TASK ITEM
From the records below, print only the part that opens with the line containing "Disney movies are" and closes with the line containing "St. Therese Textured Wood"; omit the pictures.

RECORDS PROVIDED
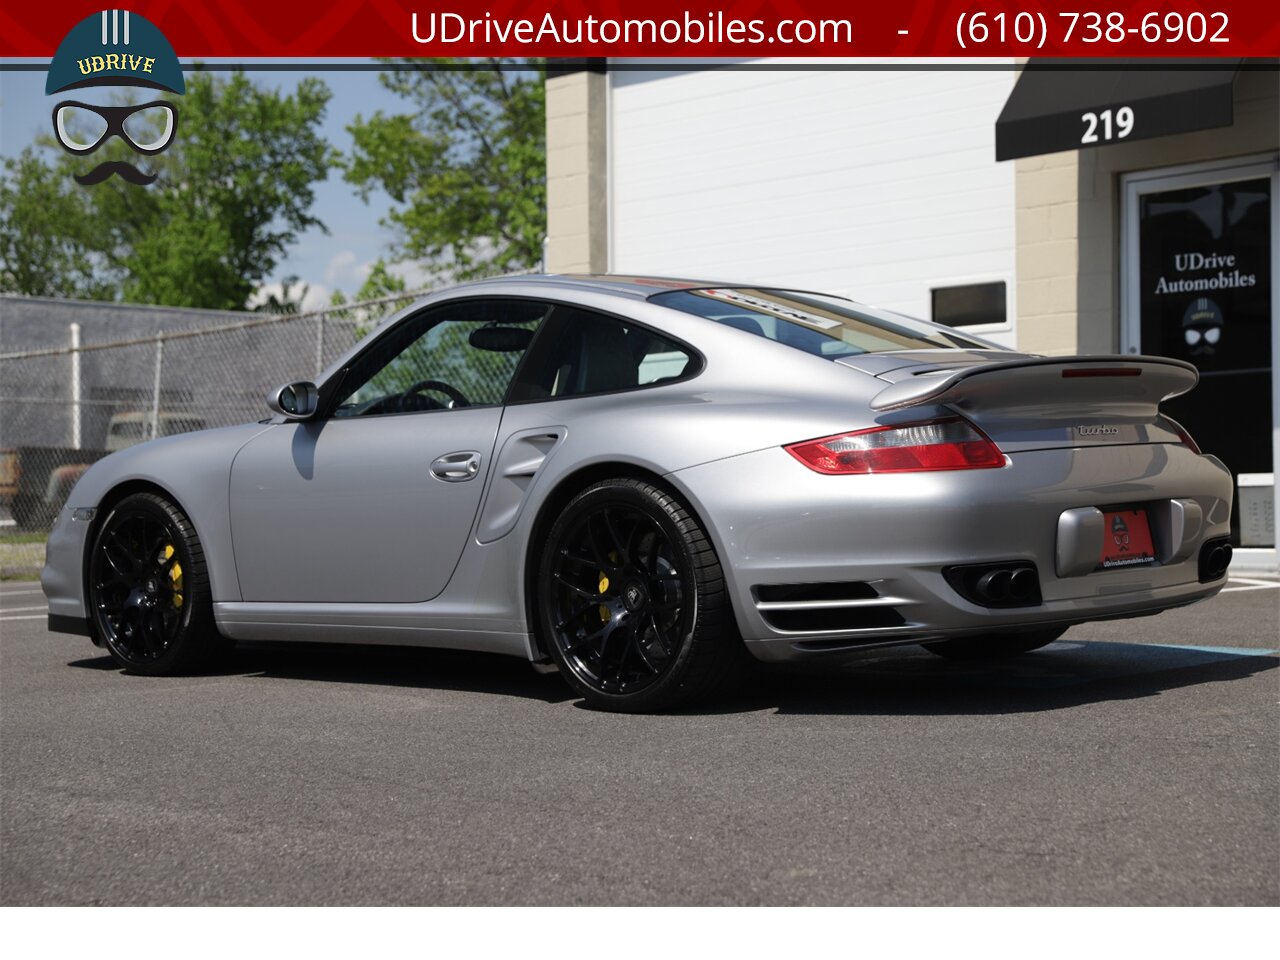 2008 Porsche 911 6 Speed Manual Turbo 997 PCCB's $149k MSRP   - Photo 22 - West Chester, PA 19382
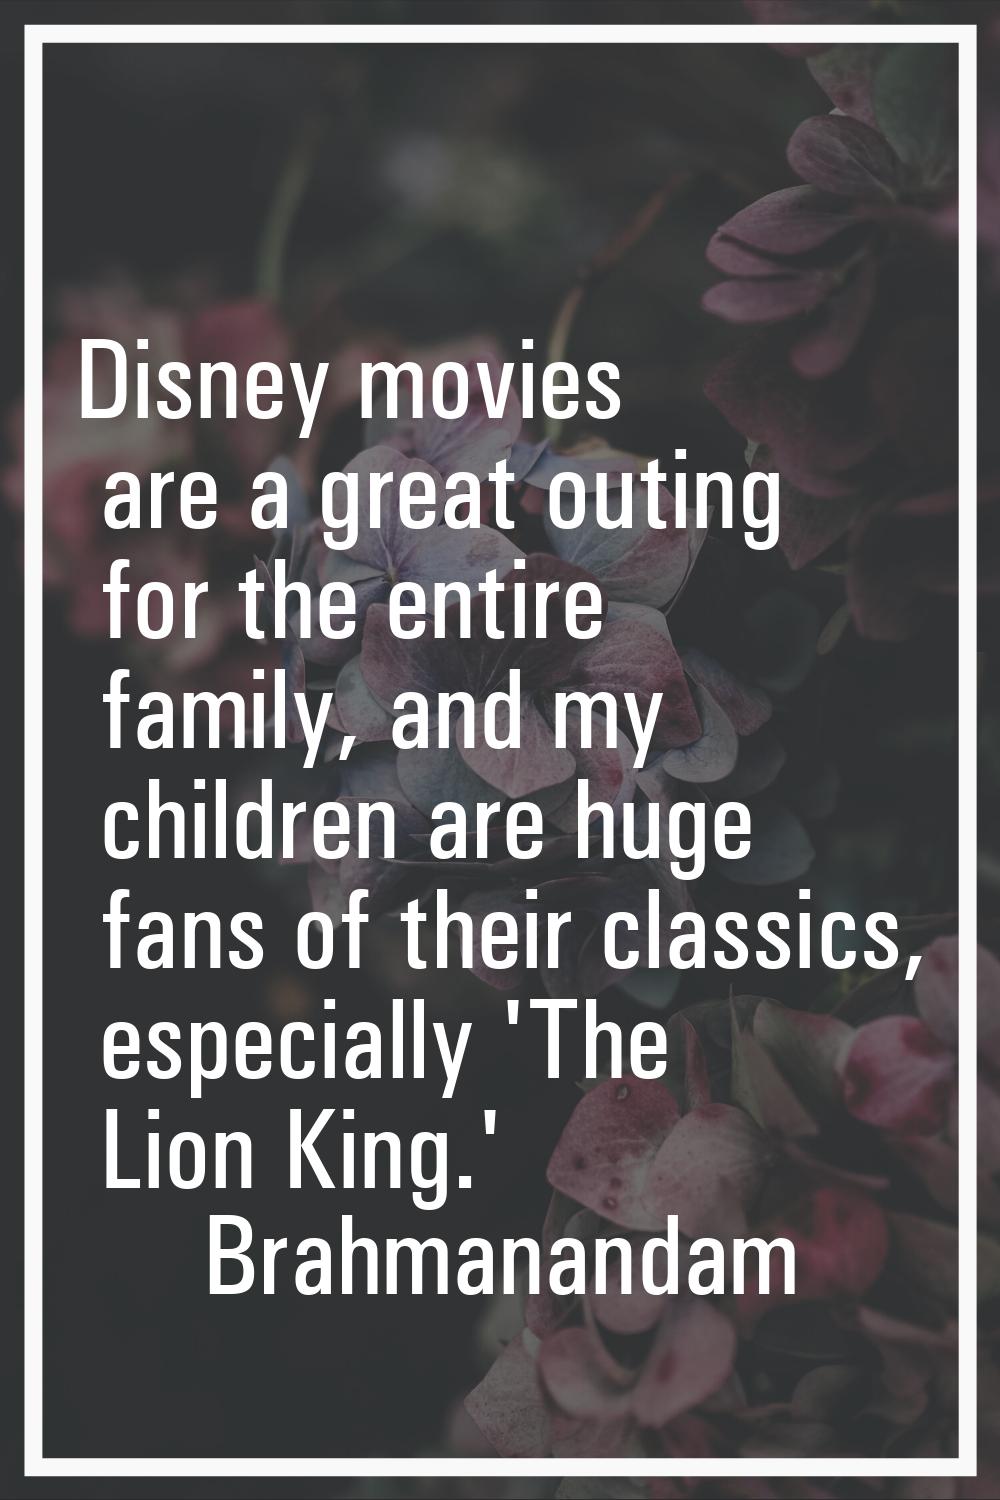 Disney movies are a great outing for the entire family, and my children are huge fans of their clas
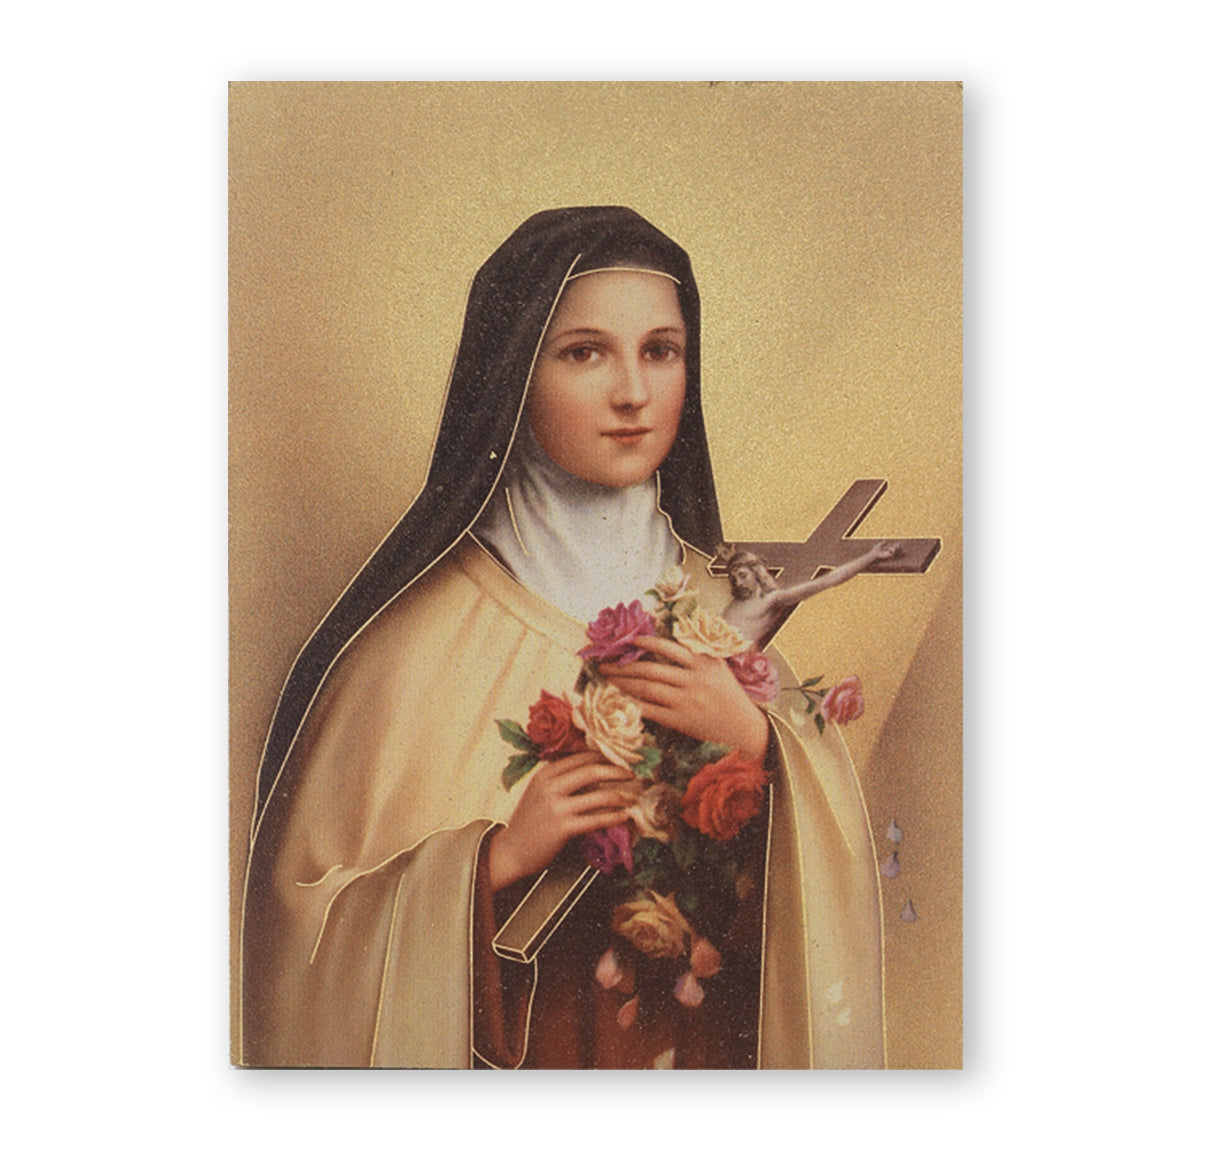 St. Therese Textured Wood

--

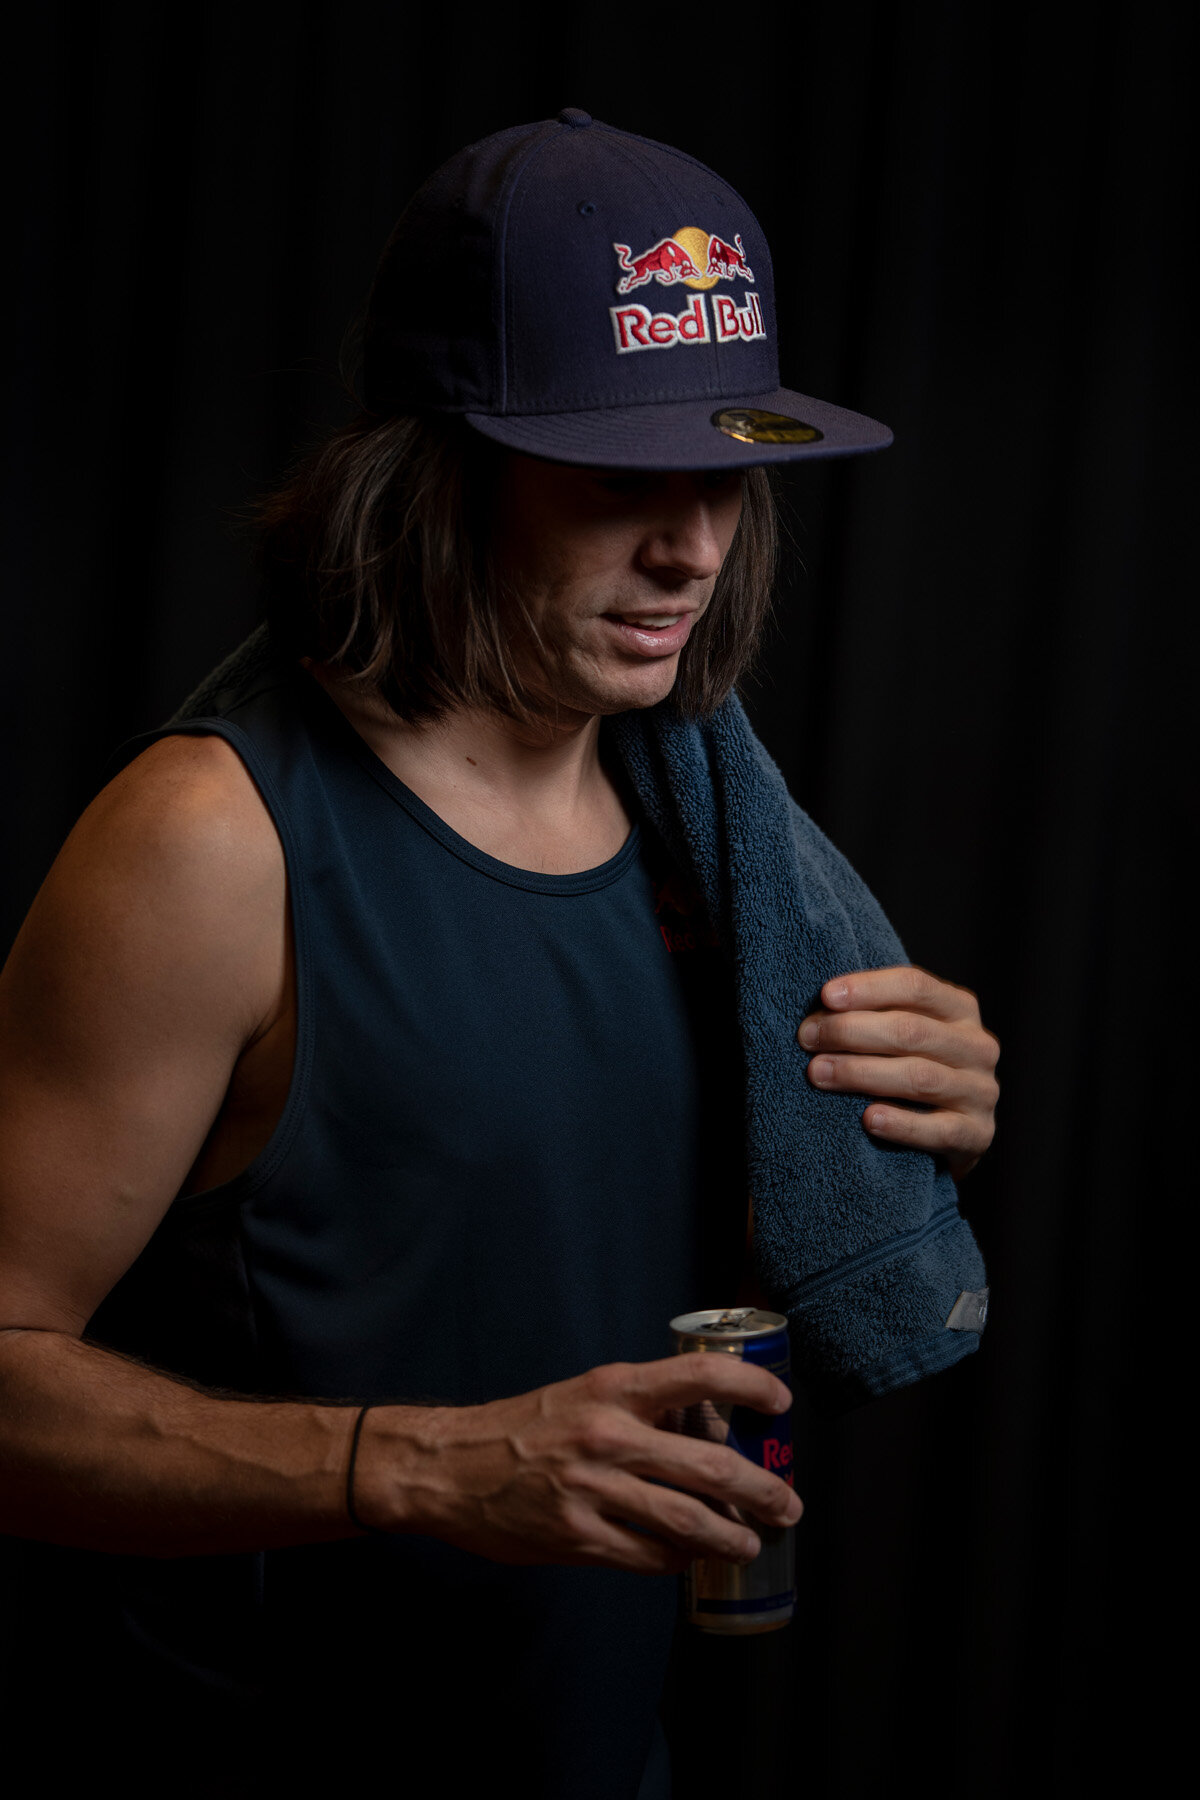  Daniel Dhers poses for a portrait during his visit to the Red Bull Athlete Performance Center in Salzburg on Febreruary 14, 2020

* * *

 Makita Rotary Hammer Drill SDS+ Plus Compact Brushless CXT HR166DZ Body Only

RESULT
 Disney movies are a great outing for the entire family, and my children are huge fans of their clas
 St. Therese Textured Wood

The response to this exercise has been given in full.